**PROBLEM TO WORK ON**:
The output must be exactly the lines from the "Svatební-fotog" line through the end of the listing below, with no picture included.
[[ GIVEN INFORMATION, beginning ]]
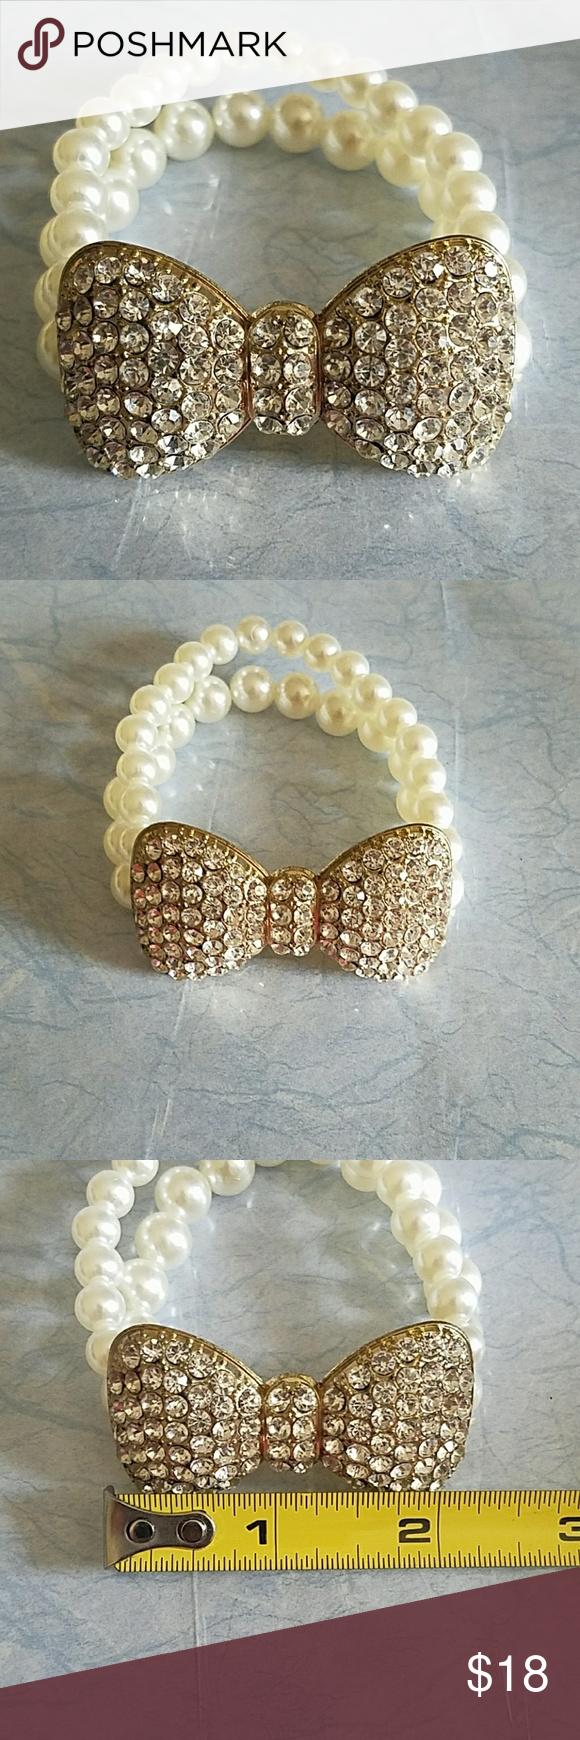 9273ae98bc338 Cute Rhinestone Bow Tie Pearl Bracelet. NWOT   My Posh Picks ...
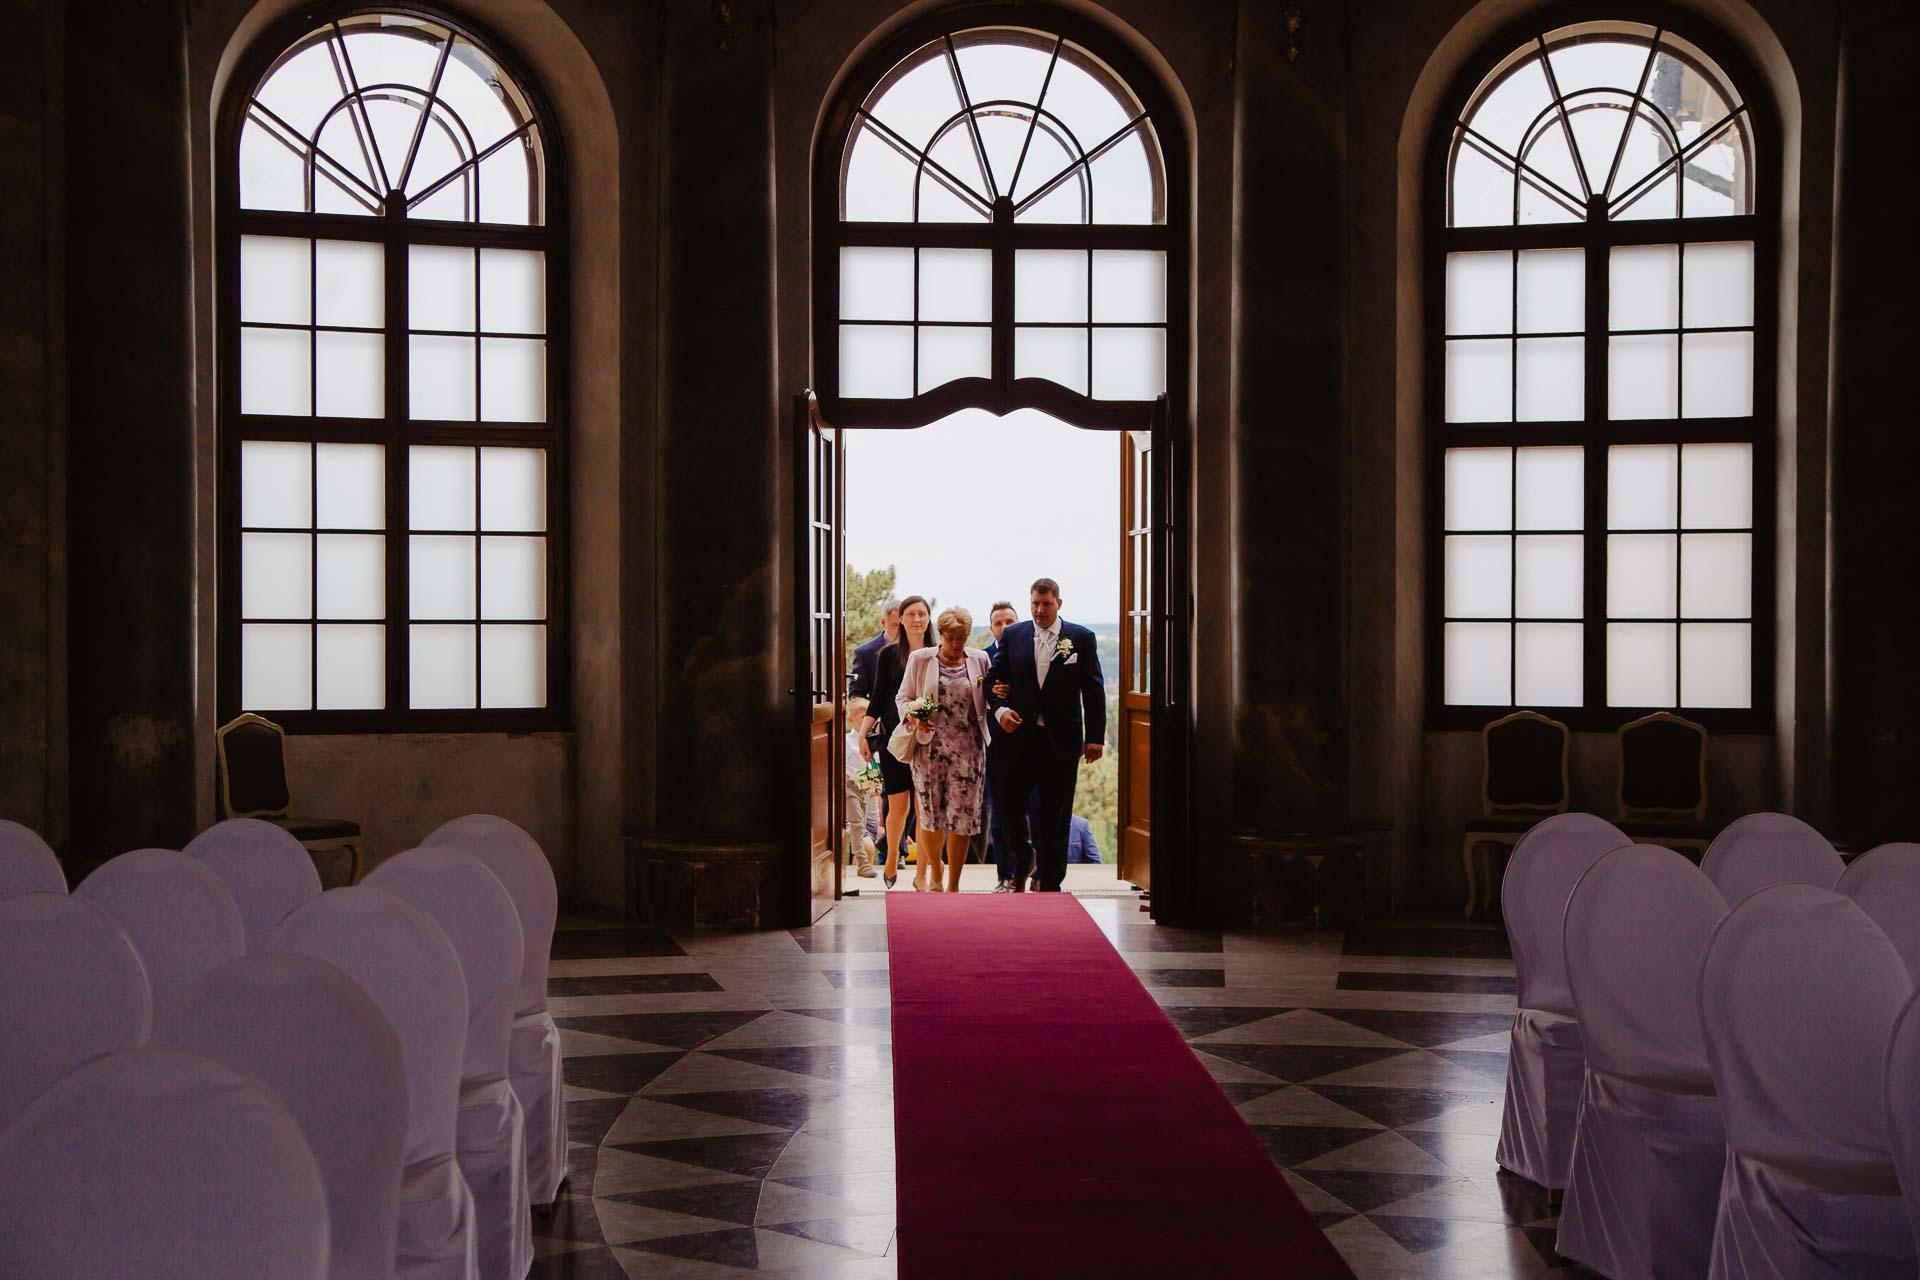 Svatební-fotograf-zámek-Karlova-Koruna-Chlumec-nad-Cidlinou-17
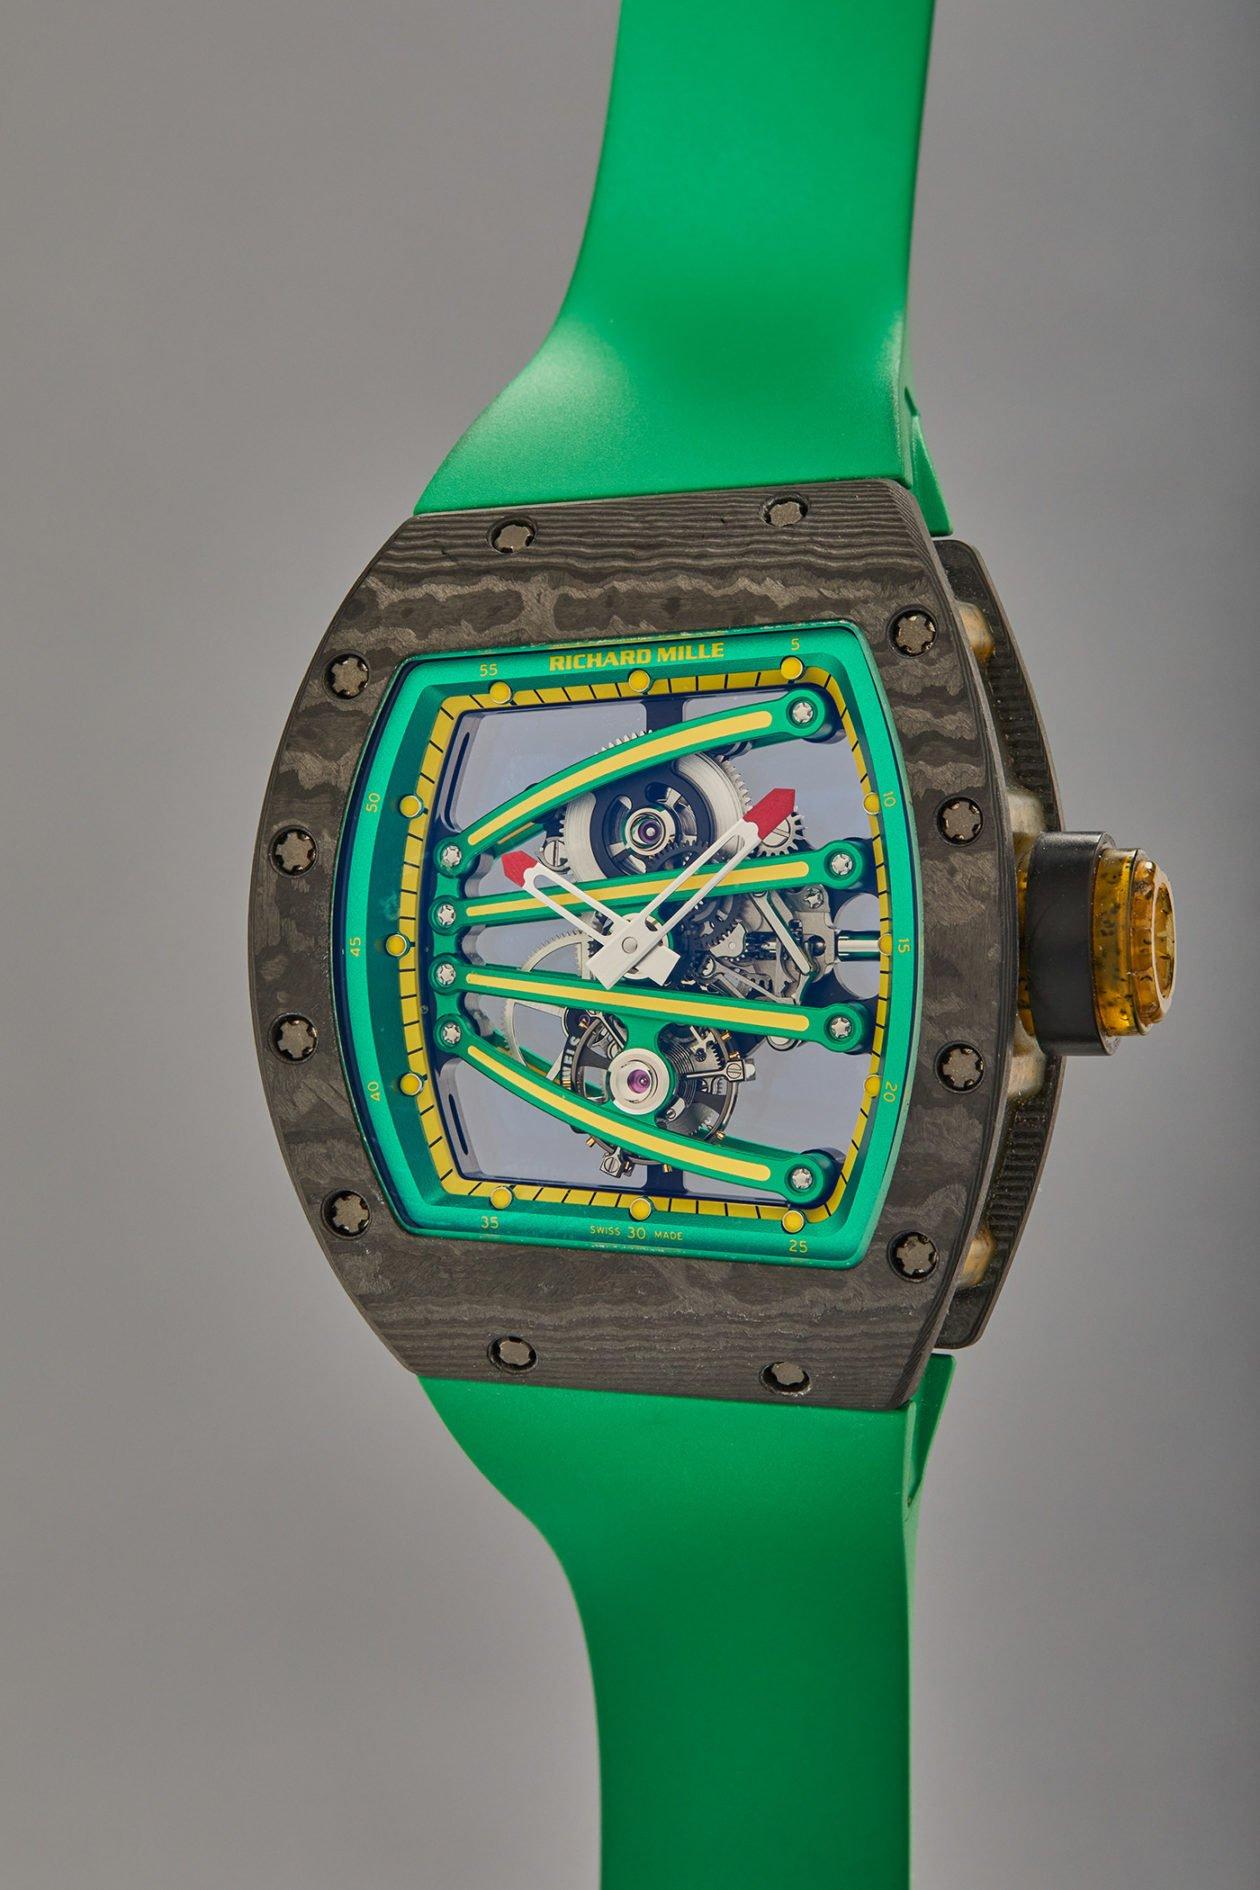 Richard Mille RM 59-01 Yohan Blake
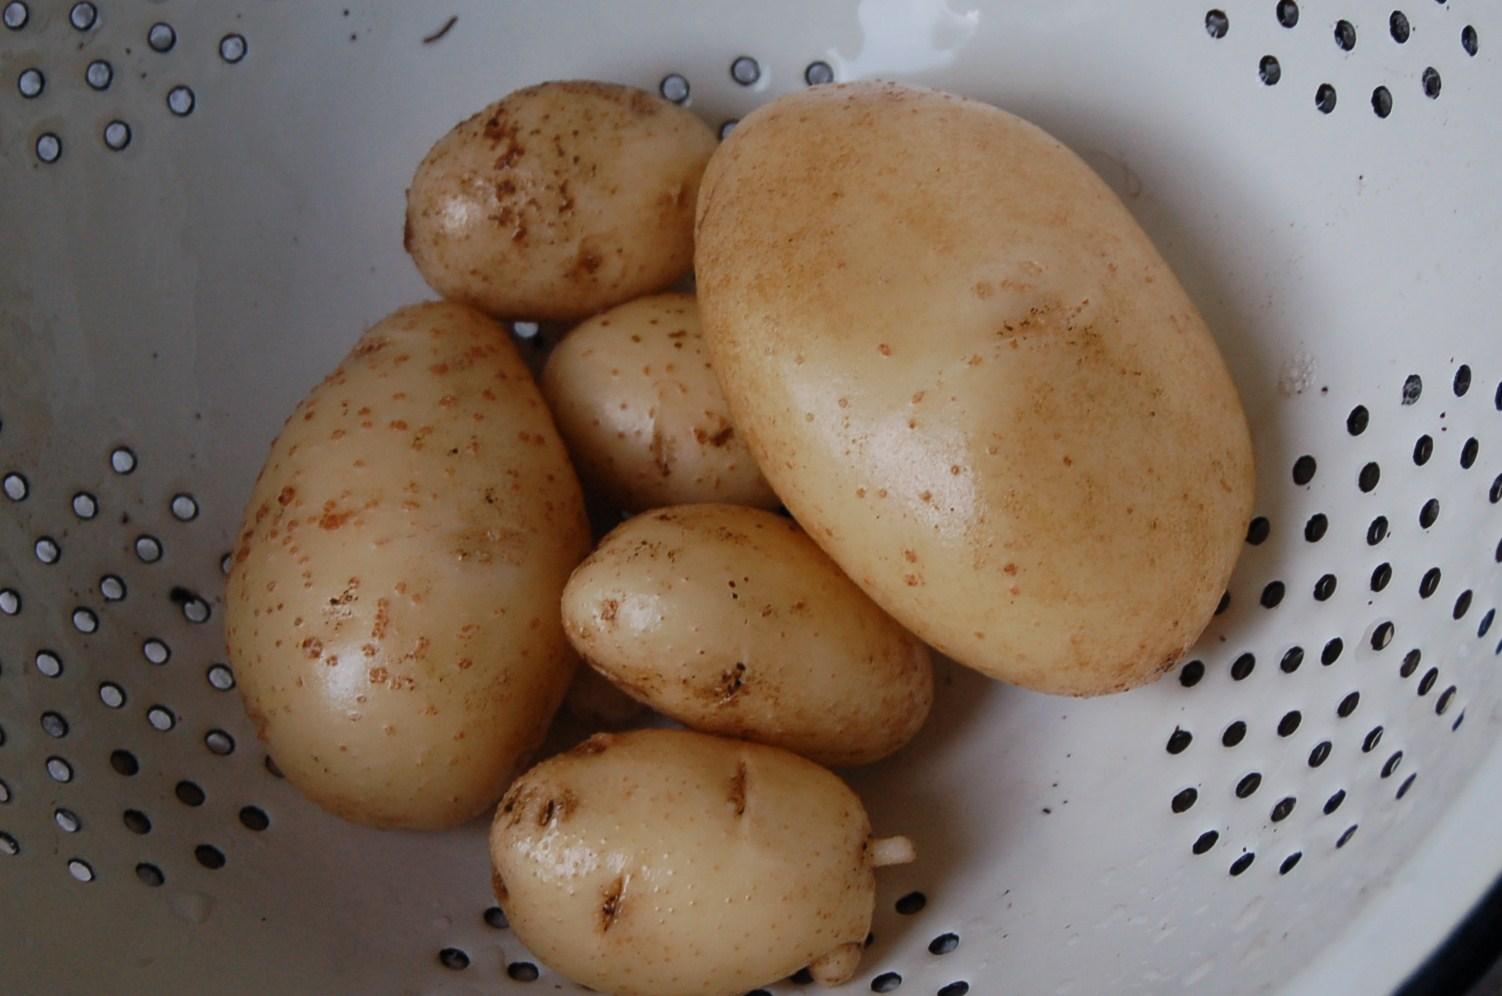 Beb sweet como sembrar patatas en casa for Como cultivar patatas
[[ GIVEN INFORMATION, end ]]
**WRITTEN ANSWER**:
 Svatební-fotograf-zámek-Karlova-Koruna-Chlumec-nad-Cidlinou-17
 Richard Mille RM 59-01 Yohan Blake
 Beb sweet como sembrar patatas en casa for Como cultivar patatas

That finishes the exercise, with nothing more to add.